Tanner walked on, not acknowledging them. Robert shook hands, polite and curious. As soon as he saw them together, he realized he had lost all chance with her.

Darrow and Helen walked alongside the refugees while Linh asked questions. People had evacuated in a panic; there was a shortage of basic supplies. They passed Helen with slow, solemn steps, taking no notice of her camera. Food and water were scarce. Although she was parched, Helen avoided sipping from her canteen, guilty that she had water and at the same time protective, afraid to be mobbed for it.

After the calm of the village, the sheer numbers of people overwhelmed; the scale of the disaster made her feel useless. Dry-mouthed, she licked her lips, tasting salt, growing more thirsty. When an old man collapsed on the side of the road, she stooped down, shielding him from view, and gave him precious mouthfuls of her water, but in seconds a crowd formed, and she had to move on.

The sides of the road, used as both kitchen and toilet, had turned to mud, the stench unbearable. Some of the older villagers so frail every step was a miracle of will. Darrow walked ahead and ran into Tanner and two other photographers circling a young man as he struggled to pull a cart loaded down with belongings. A tiny, aged couple--grandparents?--sitting in the back with three small children in their laps. The young man had taken off his shirt and wrapped it around his head. His ribs were sharp, etched, every muscle and tendon roped with the strain of pulling the cart. Tanner appeared especially bull-like as he towered over him, bending as he angled his camera to capture the young man's expression.

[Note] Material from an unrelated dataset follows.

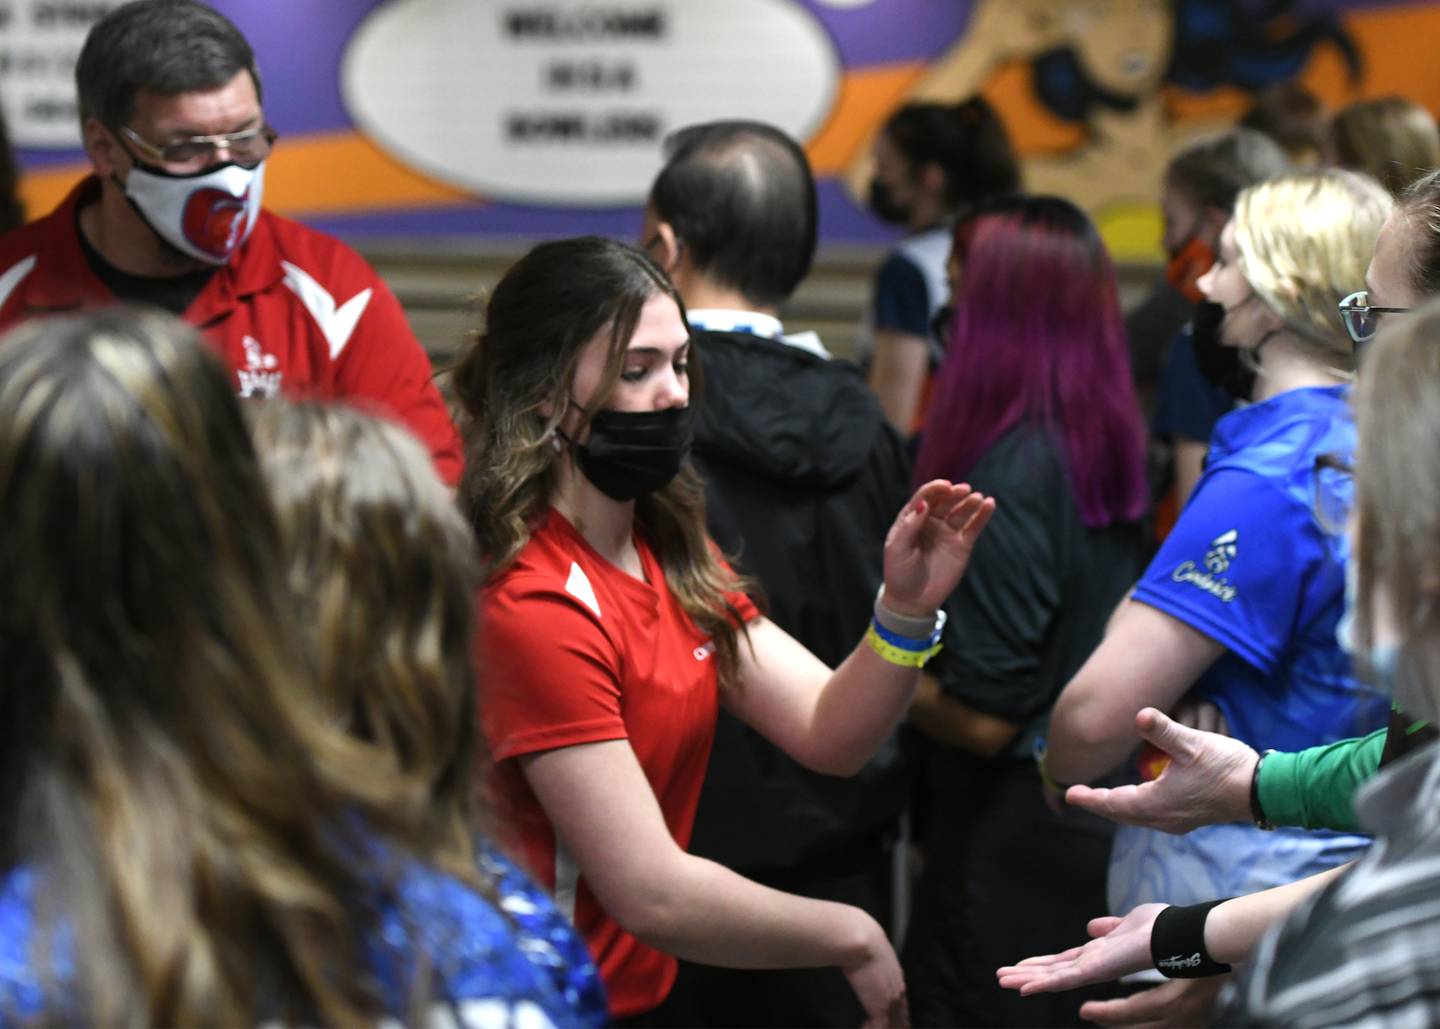 Oregon's Ava Wight is congratulated by another coach after throwing a strike while competing in the state bowling finals at the Cherry Bowl in Cherry Valley on Saturday. Pictured at left is Oregon coach Al Nordman.

Darrow jumped forward, pushing Tanner hard in the back so that he braced his hands on the side of the cart to keep from falling. The wood wheels of the cart shuddered and creaked from the sideways thrust.

"What the hell--?"

The young man stopped and put down the stays of the cart. His chest heaved with hard intakes of breath. Indifferent, resigned to what ever would happen next.

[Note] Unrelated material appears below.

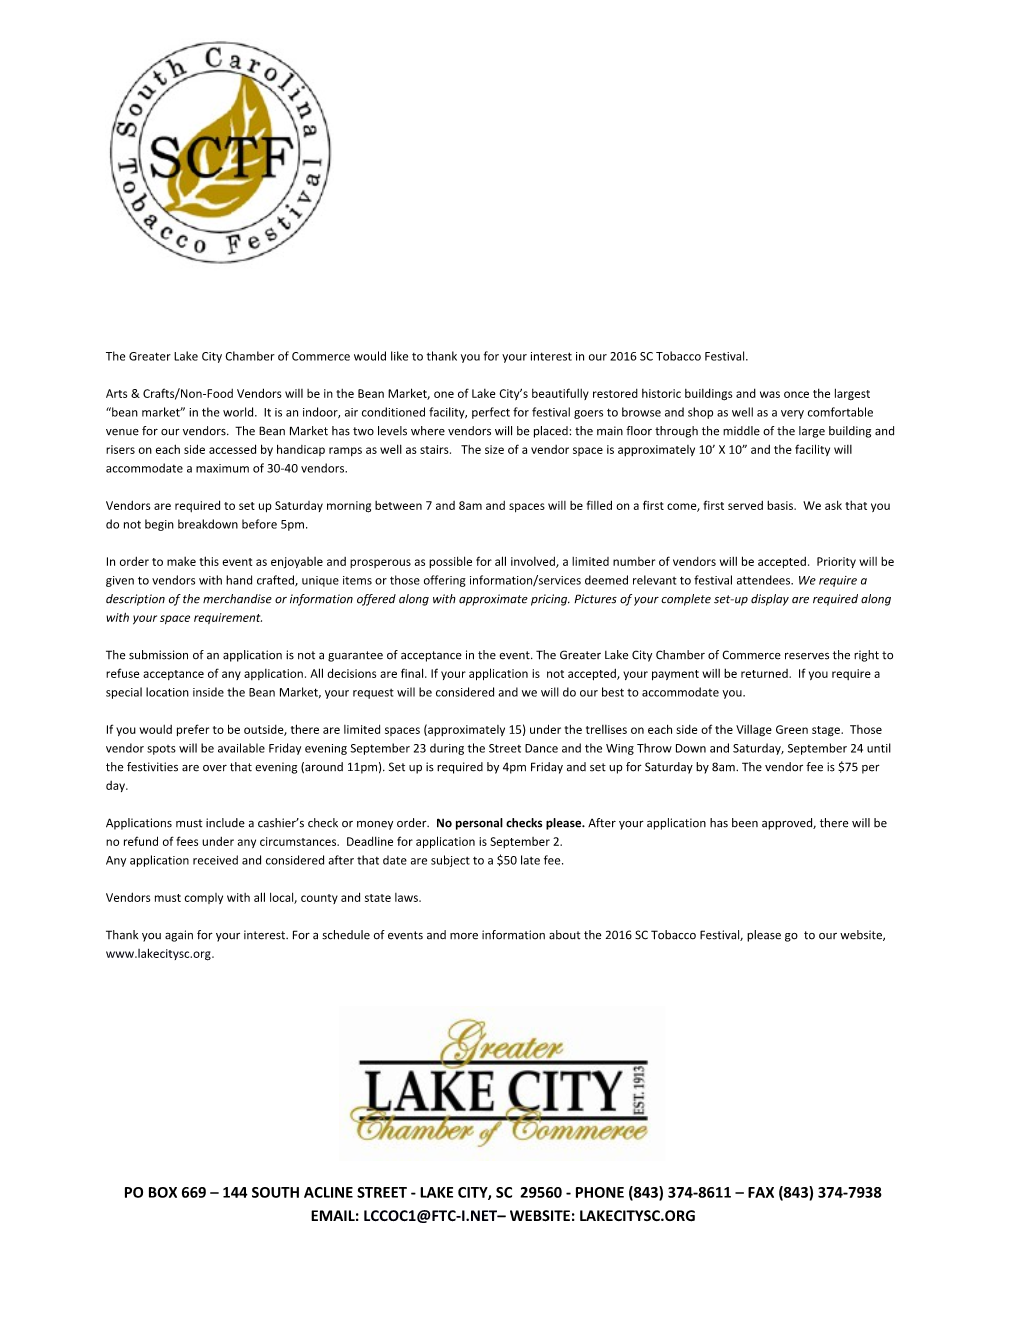 The Greater Lake City Chamber of Commerce Would Like to Thank You for Your Interest In

Darrow motioned him to the back of the cart and picked up the stays himself and began to pull. The young man's eyes widened, but he followed the cart, speaking softly to the white-haired couple. The woman turned her arthritic neck to study Darrow's back.

"What the fuck stunt is this supposed to be?" Tanner screamed. "You lunatic!"

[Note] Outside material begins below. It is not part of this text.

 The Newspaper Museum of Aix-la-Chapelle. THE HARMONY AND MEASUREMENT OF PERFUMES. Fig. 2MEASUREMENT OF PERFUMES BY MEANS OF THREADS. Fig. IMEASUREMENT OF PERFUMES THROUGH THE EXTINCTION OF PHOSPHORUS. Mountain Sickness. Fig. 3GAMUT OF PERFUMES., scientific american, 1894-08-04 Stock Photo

Robert watched the scene unfold. Let Darrow hang himself, but he couldn't stand Helen's stricken face. He shook his head. "Go on ahead, Tanner."

"He's a goddamned nutcase!"

"Go on!" Robert yelled.

Linh slipped the two neck straps from Darrow's neck.

"Put them in the cart," Darrow said. "Go ahead and get some pictures farther up."

Linh jogged ahead. Darrow's face tight, jaw quivering. Helen didn't know what to do, and in her indecision, she walked alongside the cart. A brawl averted, Robert dropped back down the line without a word to either of them. Whatever had gone wrong in Darrow's head was her problem to deal with now.

For two hours, not a word was spoken. Finally the young man ran up to the front of the cart and tapped Darrow on the shoulder. He pointed to a shady spot under the trees, and Darrow nodded and pulled the cart off the road. The moment he set down the stays, the old couple sprang up and began handing down the children. As the old man washed their faces with the corner of a handkerchief and some water, the old woman unpacked a basket of wrapped banana leaves.

Clenching and unclenching his blistered hands, Darrow stood awkwardly, not knowing how to leave them. What are the boundaries of charity? When started, where does it morally end? His upbringing had been a secular one, but how he longed to have the crutch of faith, even temporarily. Something had exploded inside his head, an anger he thought he had dealt with.
The cool thing for us is that when this war's done, there's always another one
. The placid thought floated in his head that he would have shot Tanner point-blank if given the chance.